Back in 1988, I watched the devastating news reports of Iran Air flight 655 with tears in my eyes. I was pregnant with my first child, and some 66 of the victims were children. The pictures of their innocent smiles flashed on my television screen. Now, 32 years later, I see image after image of the victims of flight PS752. It feels like a massive rock has fallen on my chest.

Iran has a strong civil society that continues to fight for democracy, despite the brutal dictatorship that quashes every protest with an iron fist. What people must understand is that Iranians are nationalists. Iran’s history shows that it can and will resist its enemies. Only months after the success of the Islamic Revolution in 1979, Saddam Hussein attacked Iran, thinking that the new regime was too inexperienced and weak to stand up to him. He was wrong. That inexperienced regime is now older and more experienced. War with Iran will make many of the Iranians who hate the current regime feel like they have no choice but to support it against a foreign enemy at their doors.

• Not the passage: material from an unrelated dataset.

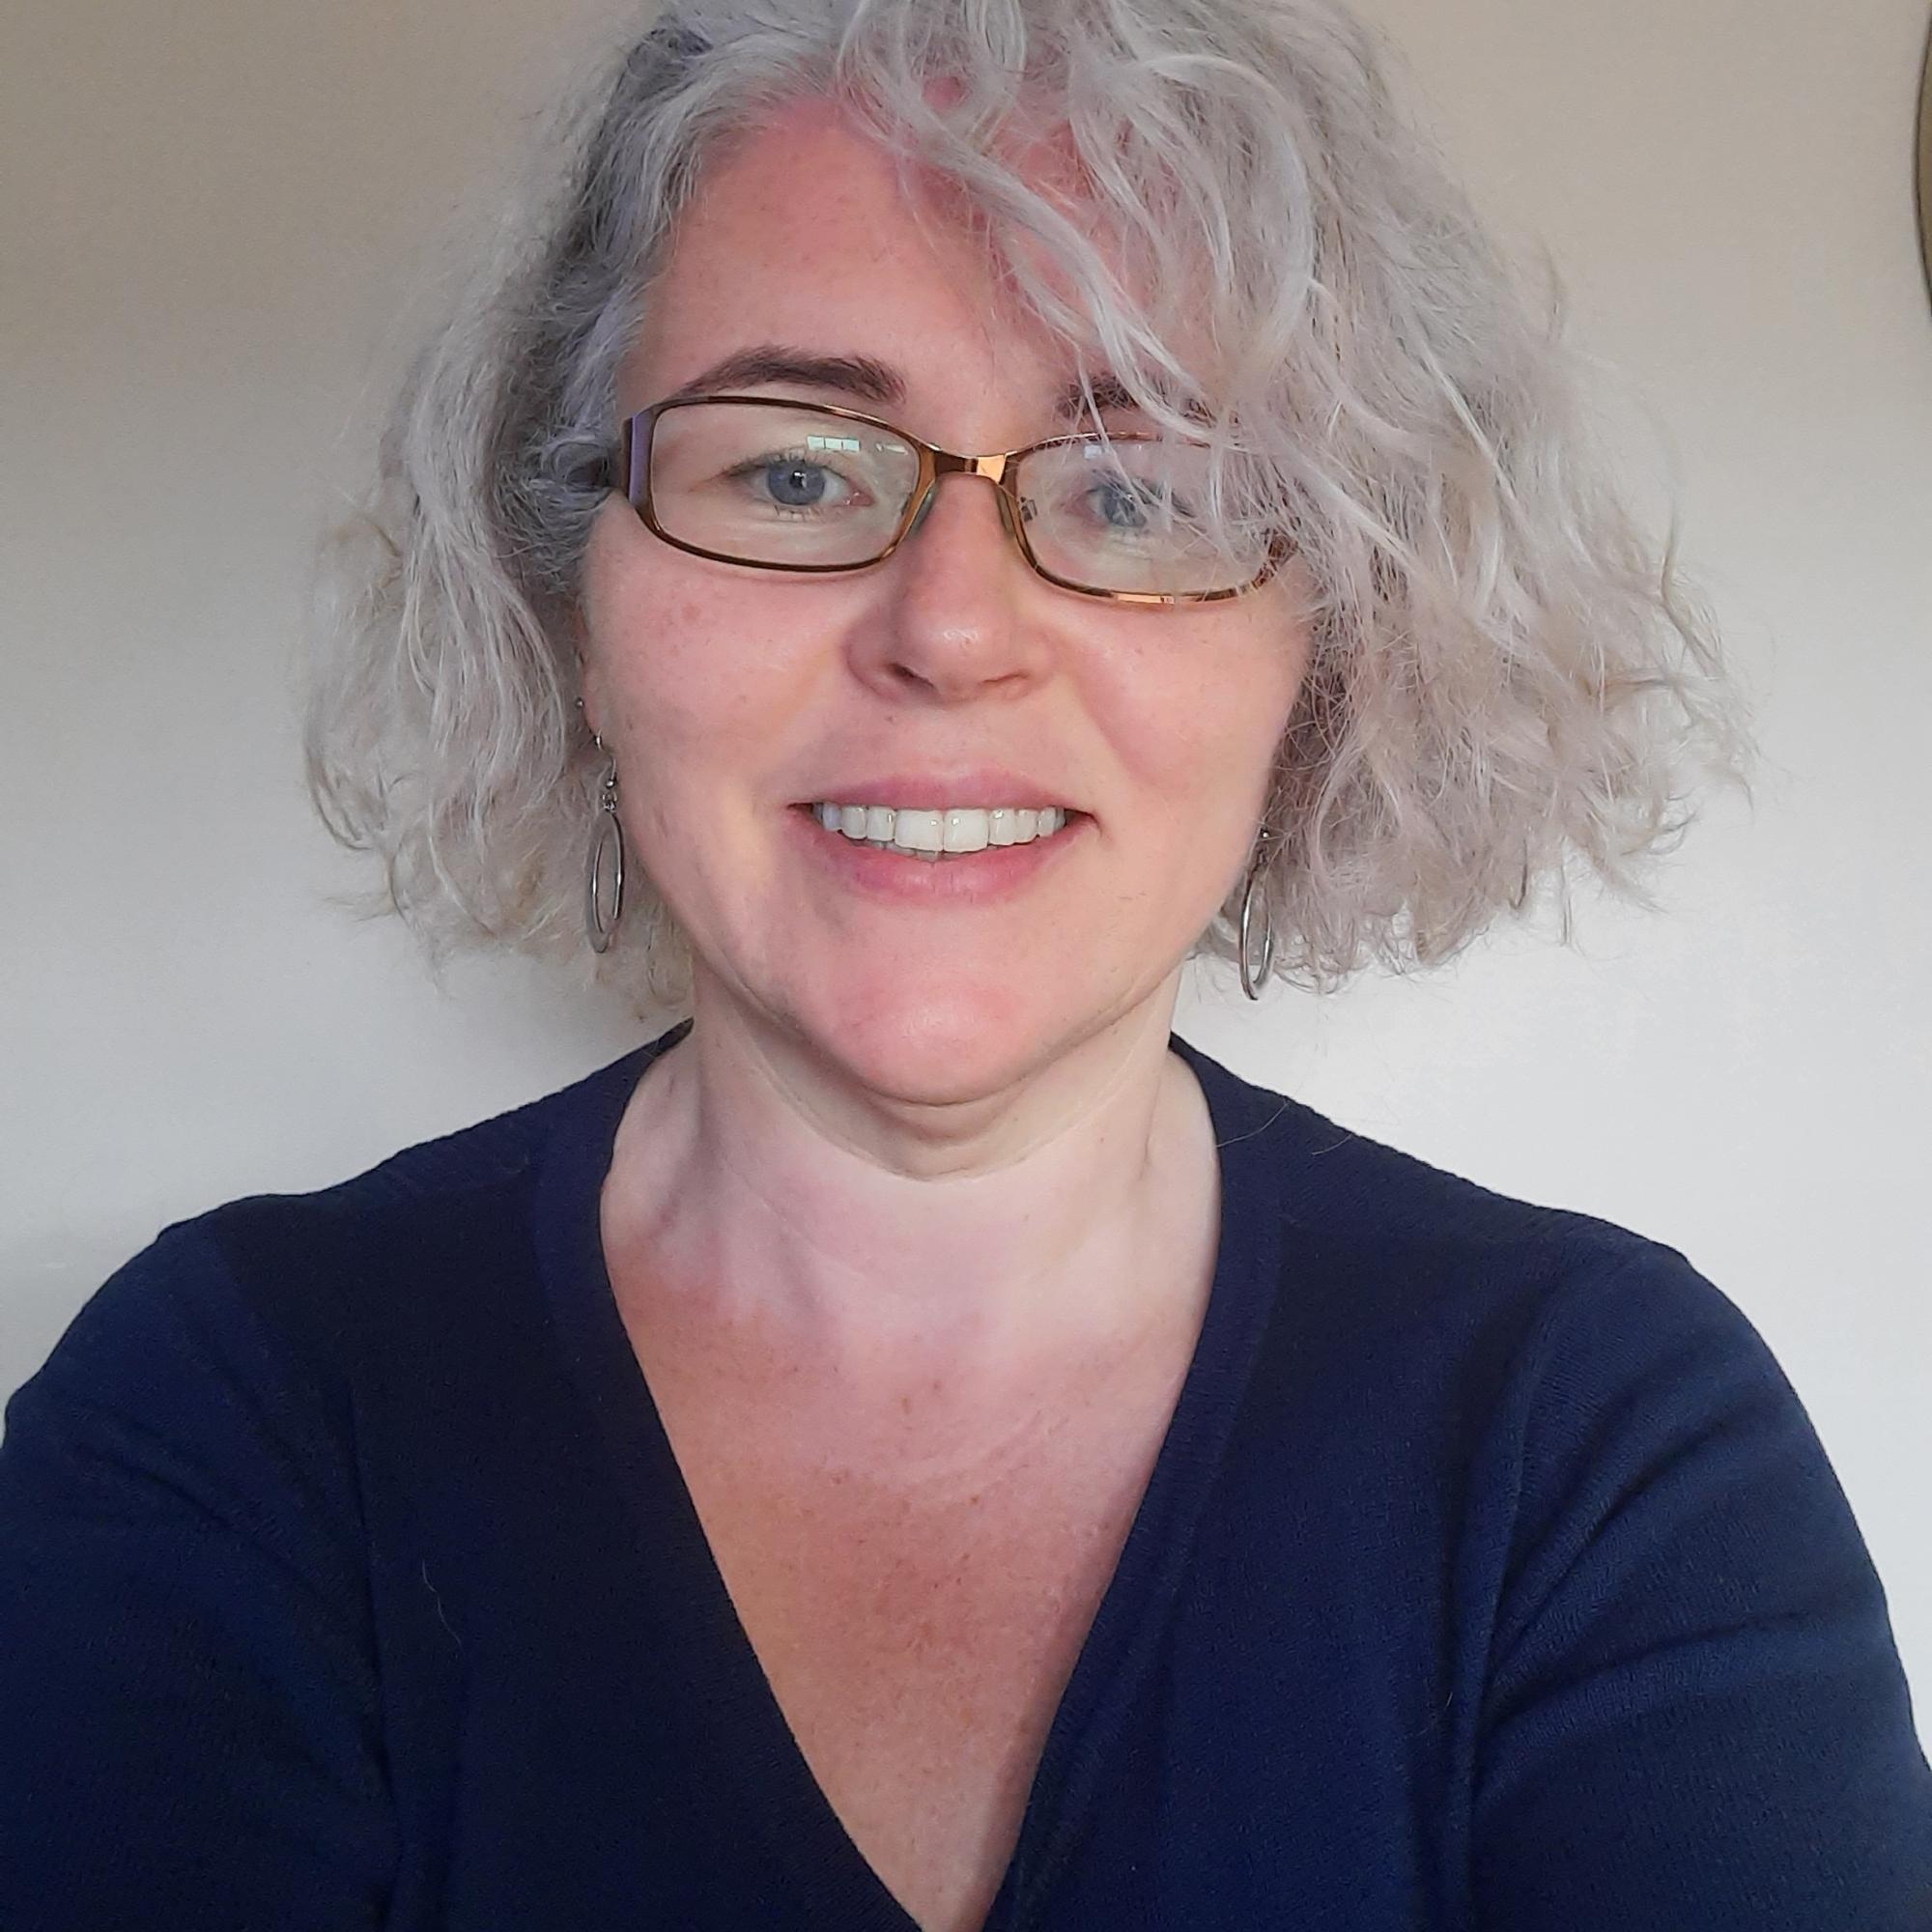 Elaine Grehan, IDS representative

I hope cool minds prevail. War is not the solution to the problem of the Islamic Republic. Iran’s civil society is moving in the direction of becoming strong enough to rid of the regime. This will not happen tomorrow or even next year—history is painfully slow.

The time for fundamental change will come if war does not set fire to Iran, and to all that my friends, cellmates, and other brave souls were imprisoned for since the dawn of the Islamic Republic of Iran in 1979. One day, we will build a memorial for all the Iranians who stood up, and were tortured and killed by the Islamic Republic. To it, we will add the names and stories of all those on flight PS752. None of you will be forgotten.

EDITOR’S NOTE: On Jan. 10, Foreign Affairs Minister Francois-Philippe Champagne revised the number of Canadians who died on Flight PS752 from 63 to 57.